**DIRECTIONS FOR THIS TASK**: Leave out the pictures and restate exactly, and only, the lines from the one that contains "Night Moon Lake" through the final line of the material below.

**SUPPLIED DATA**:
########################################
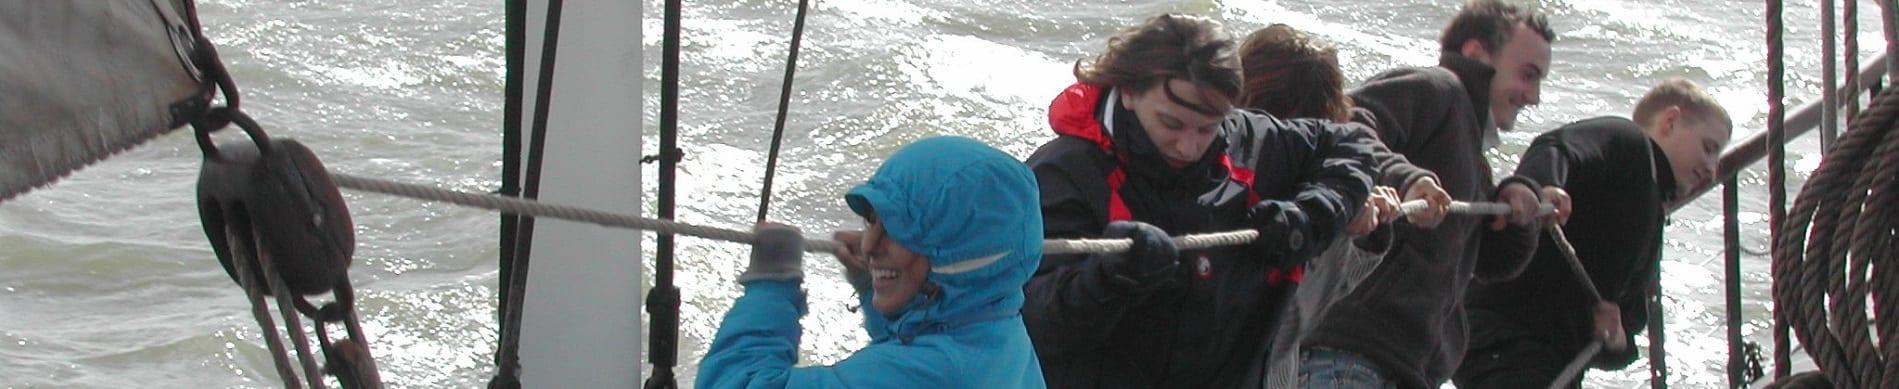 Klassenfahrt IJsselmeer
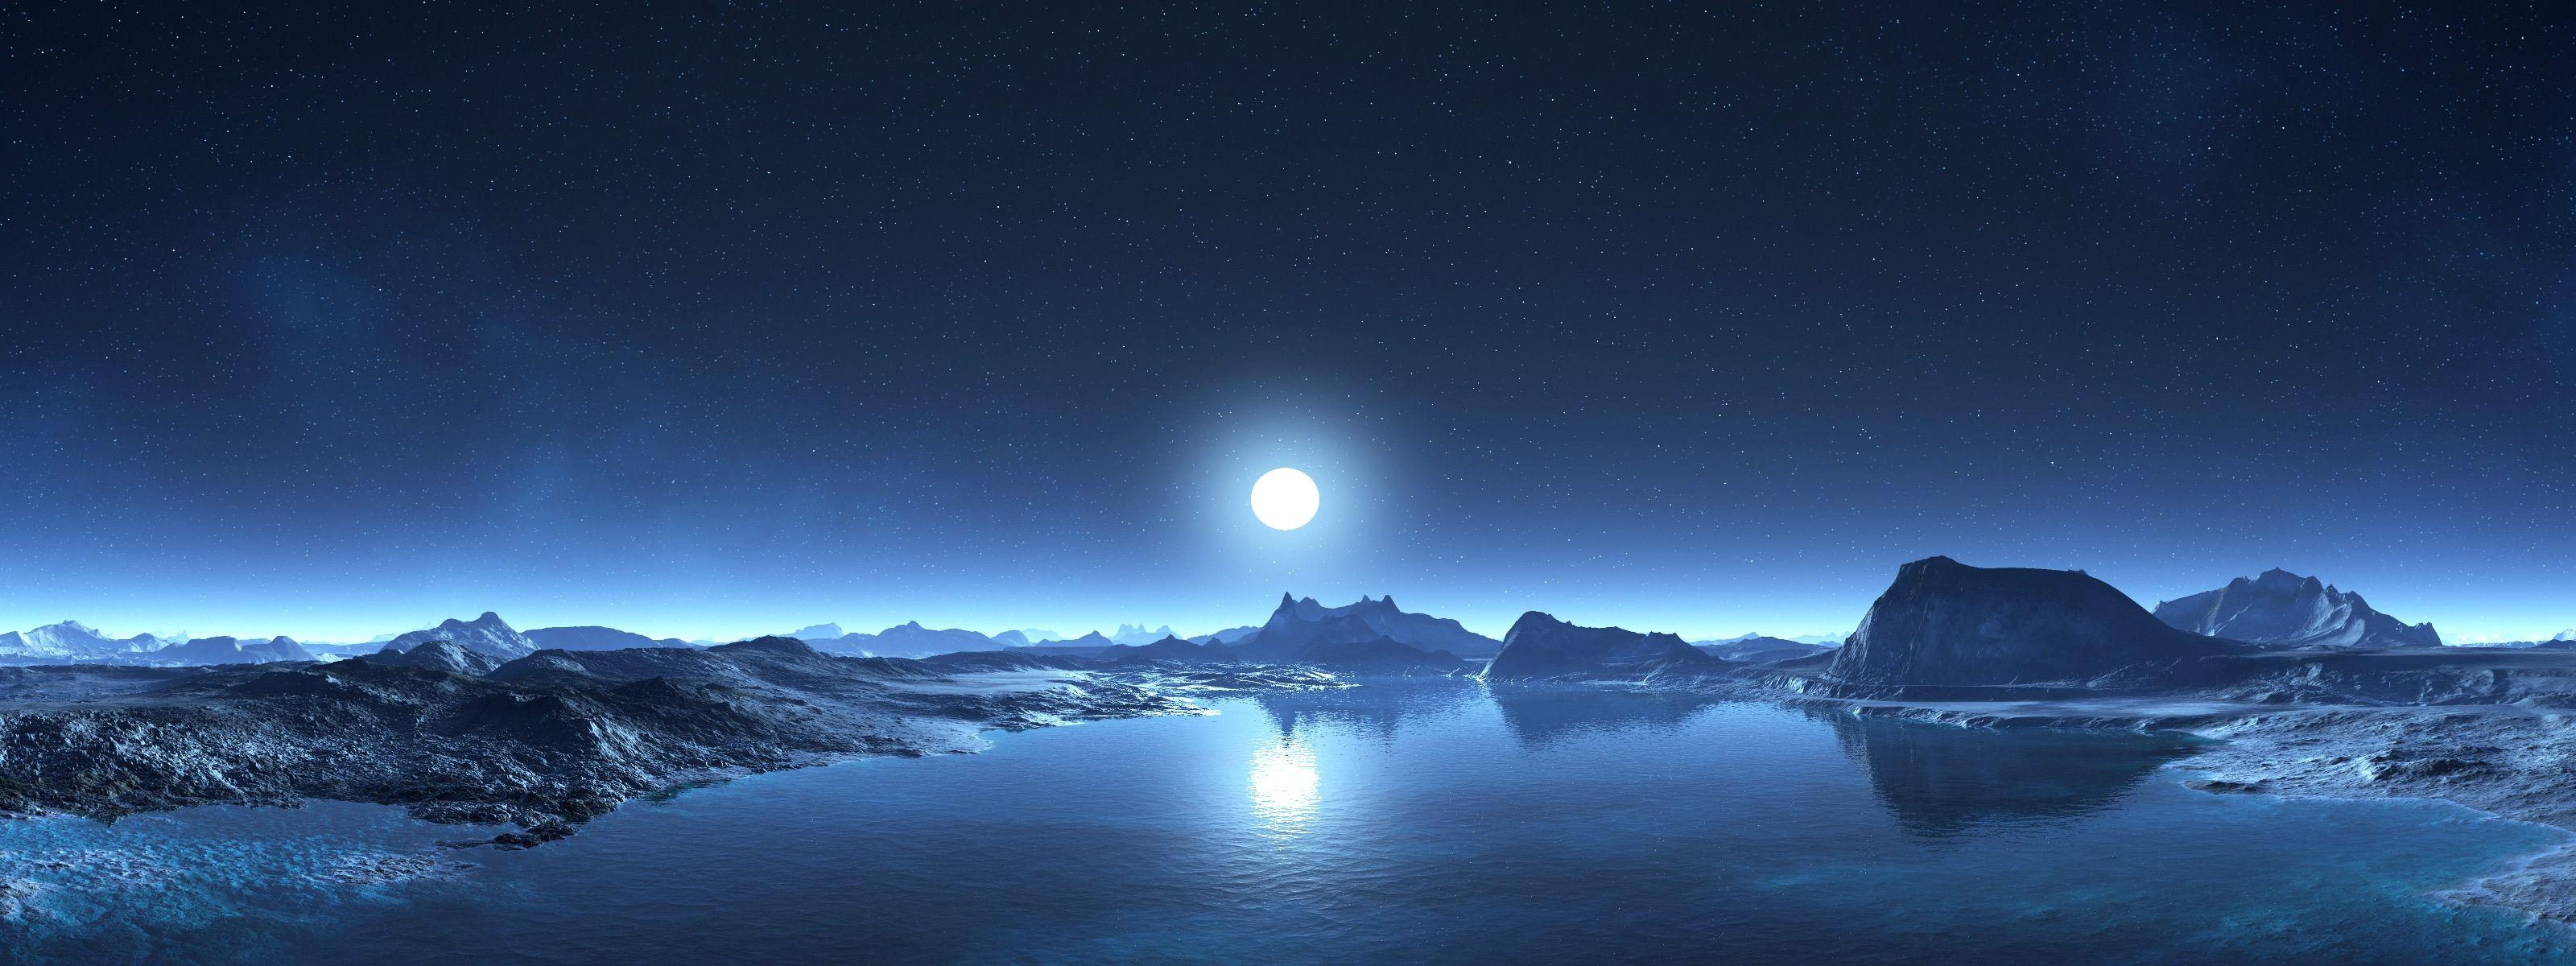 Night Moon Lake Hills Mountain Sci Fi Stars Sky Digital Art Fantasy 6724 Jpg 3200 1200 Background Images Dual Monitor Wallpaper Sky Digital
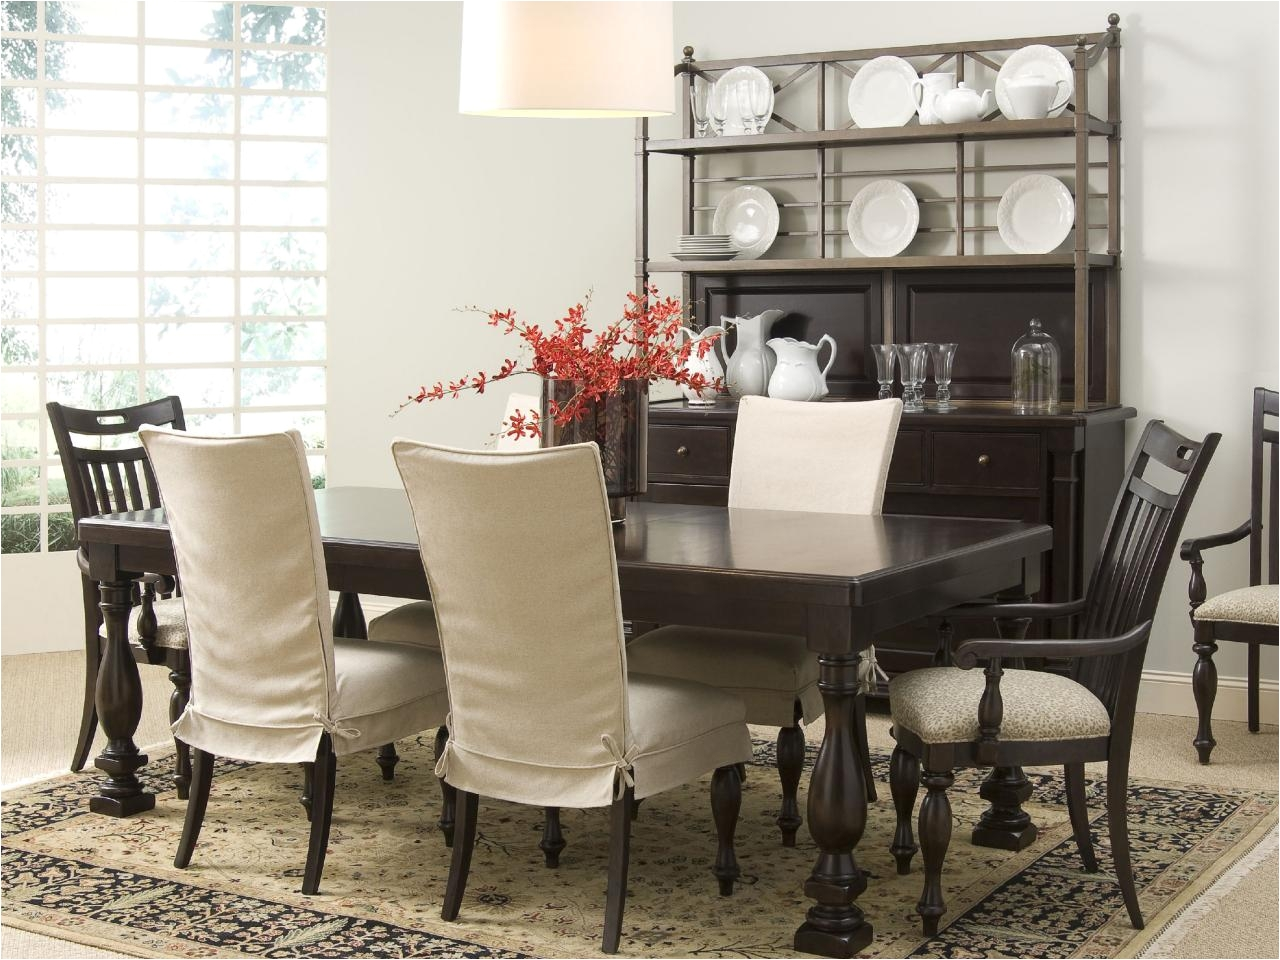 White Linen Parson Chair Slipcovers Dining Room Slipcover Maribo Intelligentsolutions Co
########################################
**SOLUTION TO THIS TASK**:
 Night Moon Lake Hills Mountain Sci Fi Stars Sky Digital Art Fantasy 6724 Jpg 3200 1200 Background Images Dual Monitor Wallpaper Sky Digital
 White Linen Parson Chair Slipcovers Dining Room Slipcover Maribo Intelligentsolutions Co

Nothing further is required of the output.